Thursday, December 19, 2019


There is SO much to indulge on during the holidays. Moderation is definitely the key to avoiding unwanted weight gain during the holidays. Another tip is to make "healthier" alternatives to your favorite treats.  

This recipe is a healthier option to the all famous "Christmas Crack", without sacrificing on flavor!  Put a healthier spin on a not-so-healthy classic, and save some calories at your next holiday gathering.
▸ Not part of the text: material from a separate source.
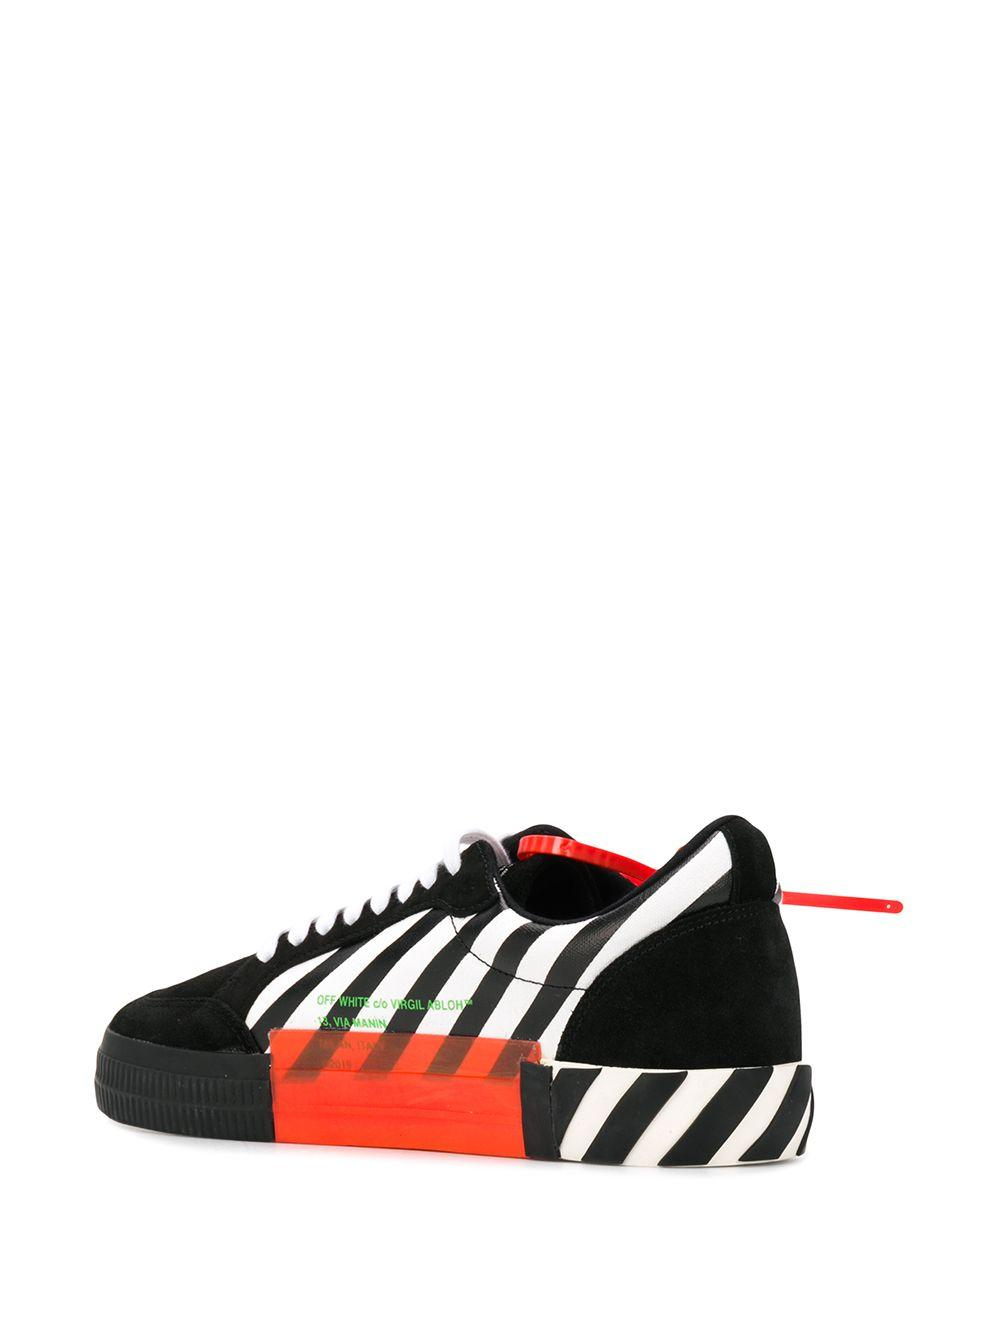 Zapatillas 3.0 Polo Off-White c/o Virgil Abloh de Algodón de color Negro para hombre

36 square Whole Grain crackers
1/2 cup Coconut Sugar (this is a natural sweetener, like cane sugar, but lower on the glycemic index.. meaning it sweetens your food without spiking your blood sugar)
1/2 cup (1 stick) Unsalted Butter
1 cup Dark Chocolate
1/4 cup Chopped Almonds
2-3 TBL Dried Cranberries (chopped)
Canola Cooking Spray

-Preheat your oven to 400 degrees F.
-Line a 9X9 square pan with foil and lightly spray with cooking spray. Arrange crackers in a single layer to cover the bottom of the pan. 
-In a saucepan over medium heat, add butter and sugar. Stir with a whisk until the butter has melted and the sugar has dissolved. Bring mixture to a low boil and let boil for 4 min. Remove from the heat and immediately pour the mixture over the crackers and use a rubber spatula to spread over the crackers.
-Place in the preheated oven, now melt your chocolate; add chocolate chips to a glass bowl and heat in the microwave for 20-sec intervals, mixing between intervals. Once most of the chocolate is melted, remove from the microwave and stir until it is completely melted and smooth.
-Remove crackers from the oven, let cool for 1-2 min, then drizzle melted chocolate on top and spread. Top with almonds and dried fruit.
-Place in the fridge to set for 1-2 hours. Once set, the crack will be completely hard. Pull pan from the fridge or freezer, peel away foil and break into pieces. Enjoy!